2. Upaya nonstruktural, contohnya adalahKebijakan tentang tata guna lahan/ tata ruang/ zonasi kawasan pantai yang aman
bencana, Kebijakan tentang standarisasi bangunan (pemukiman maupun bangunan lainnya) serta infrastruktur sarana dan
prasarana, Mikrozonasi (meminimalisir) daerah rawan bencana dalam skala lokal, Pembuatan peta potensi bencana tsunami,
peta tingkat kerentanan dan peta tingkat ketahanan, sehingga dapat didesain komplek pemukiman “akrab bencana” yang
memperhaikan berbagai aspek, Kebijakan tentang eksplorasi dan kegiatan perekonomian masyarakat kawasan pantai, Pelatihan
dan simulasi mitigasi bencana tsunami, Penyuluhan dan sosialisasi upaya mitigasi bencana tsunami dan, Pengembangan
sistem peringatan dini adanya bahaya tsunami.

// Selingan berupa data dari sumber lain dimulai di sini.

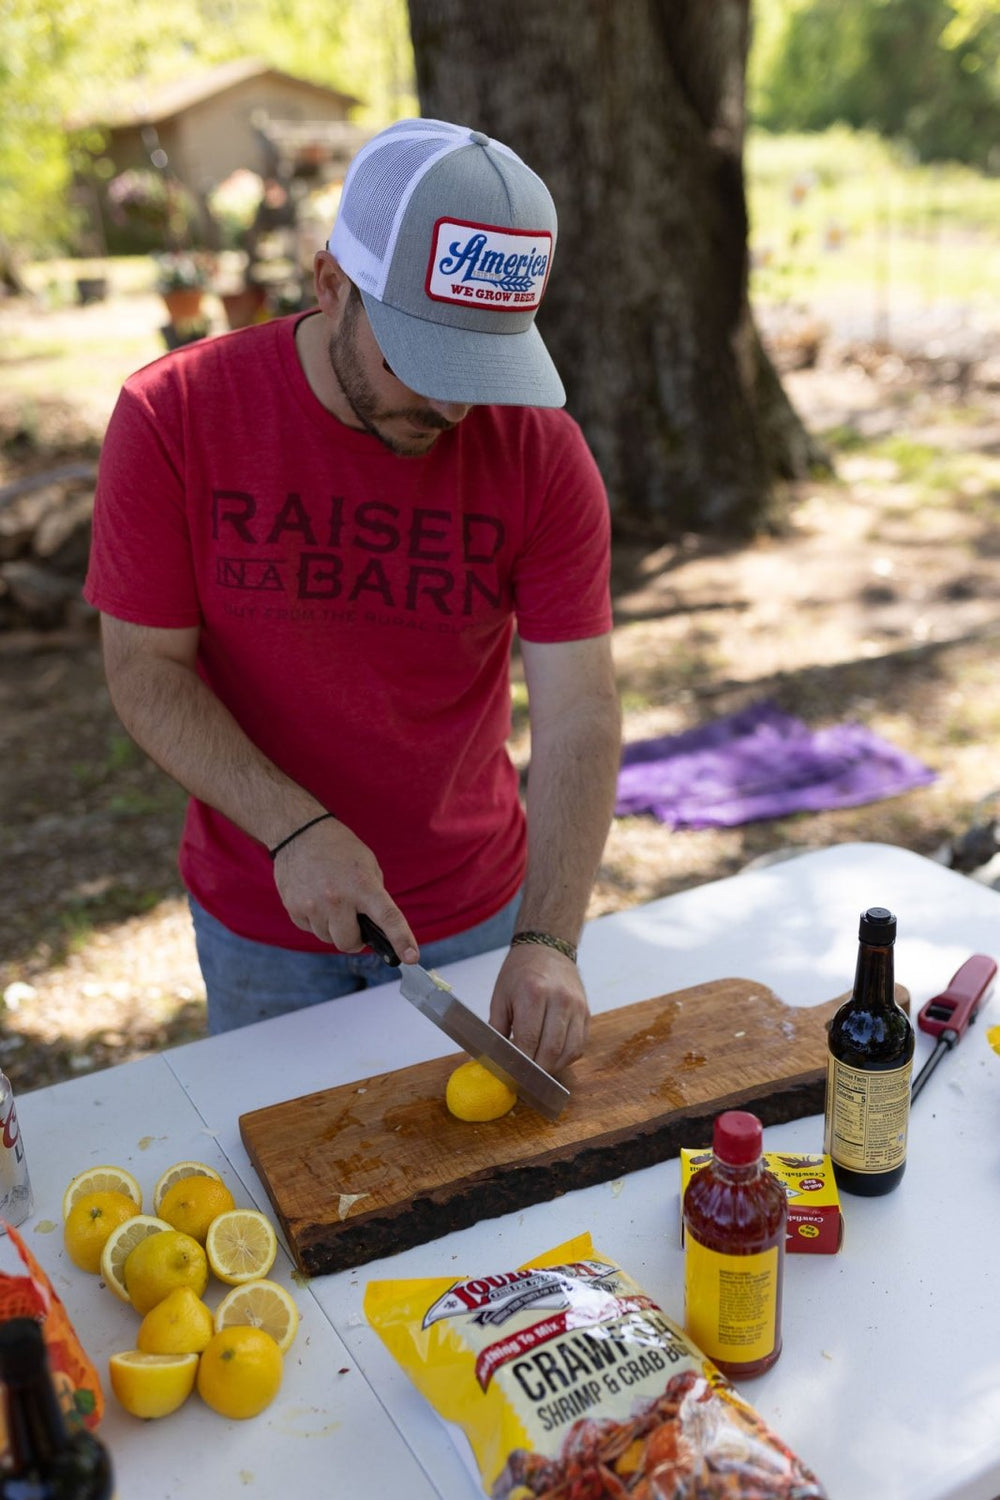 A man wearing a red "Raised In A Barn" vintage fitted shirt by Rural Cloth and a baseball cap is cutting a lemon on a wooden cutting board outdoors. Various ingredients, including Cajun seasoning and lemons, are on the table. There is a tree and greenery in the background.

Dewasa ini banyak sekali kita dengar daerah-daerah di Indonesia yang terkena musibah banjir. Entah itu di daerah dataran
rendah seperti Jakarta, maupun daerah dataran tinggi seperti di Bandung.

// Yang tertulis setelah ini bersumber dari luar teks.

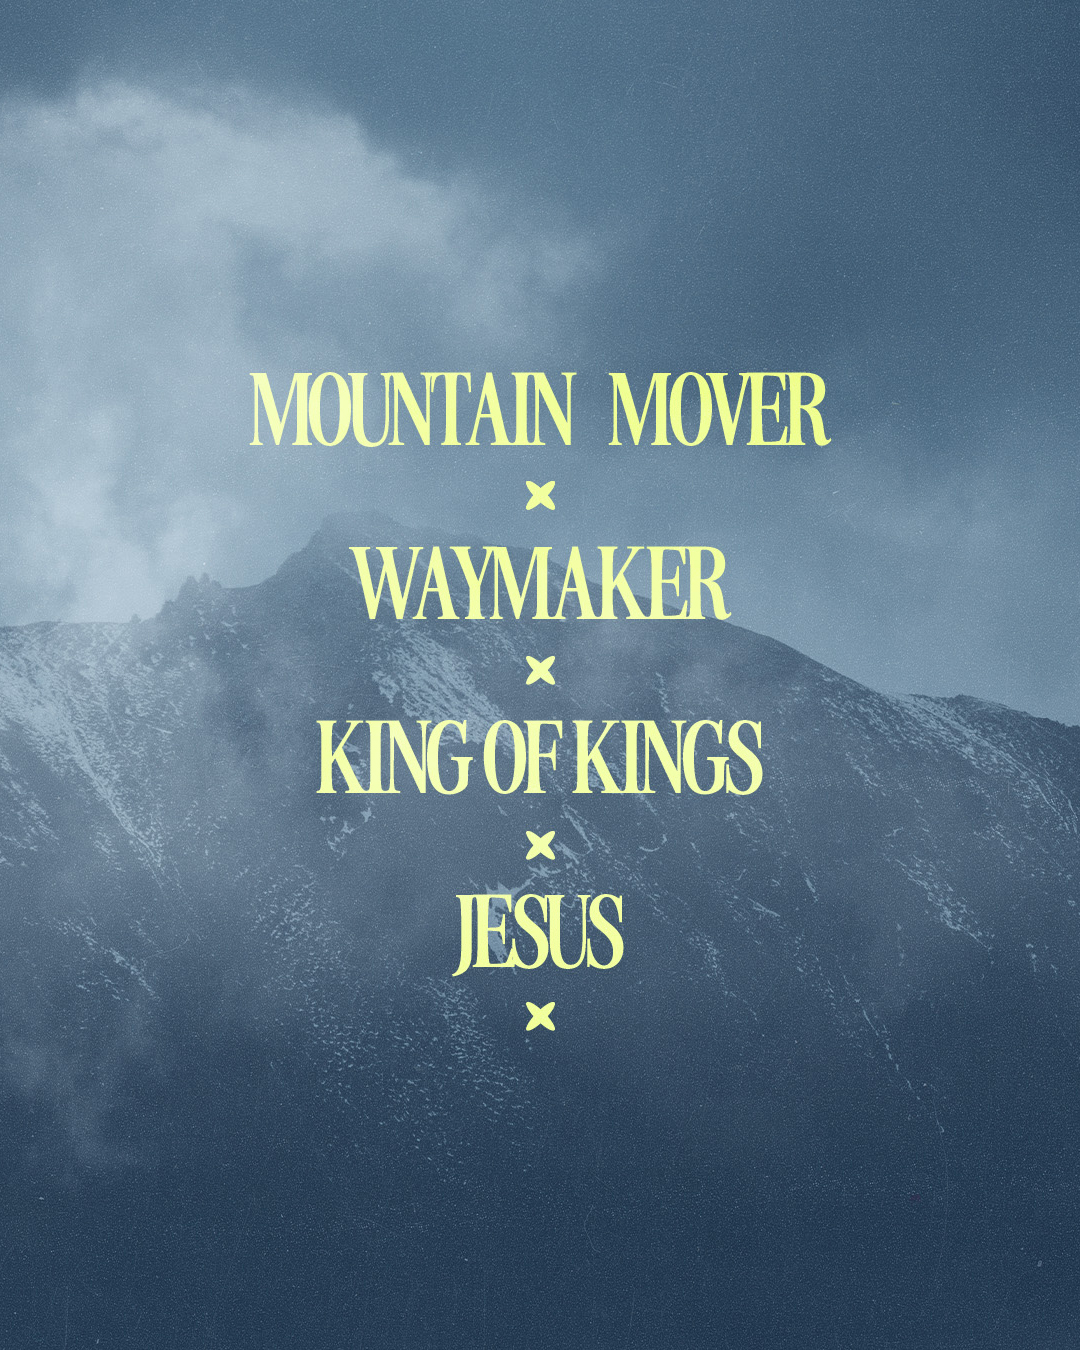 Mountain Mover * Waymaker* King of Kings* Jesus*

Mitigasi banjir sebenarnya mudah, yang diperlukan hanyalah sistem penyerapan air yang baik dan lingkungan yang
mendukung. Salah satu sistem penyerapan air sederhana adalah dengan membuat sumur resapan di pekarangan rumah.
Air hujan yang jatuh ke halaman kita setidaknya 85% harus bisa diserap oleh halaman tersebut agar tidak meluapkan banjir.
Sumur resapan ini lah yang dapat membantu menyerap sekurangnya 85% dari air hujan yang turun disekitar rumah kita.
Selain untuk keperluan mitigasi banjir, sumur resapan ini pun dapat menjadi cadangan air saat musim kemarau datang.
Menurut Satandar Nasional Indonesia (SNI) tentang Tata Cara Perencanaan Sumur Resapan Air Hujan untuk Lahan
Pekarangan, beberapa persyaratan umum yang harus dipenuhi sebuah sumur resapan yaitu :
1. Sumur resapan harus berada pada lahan yang datar, tidak pada tanah berlereng, curam atau labil.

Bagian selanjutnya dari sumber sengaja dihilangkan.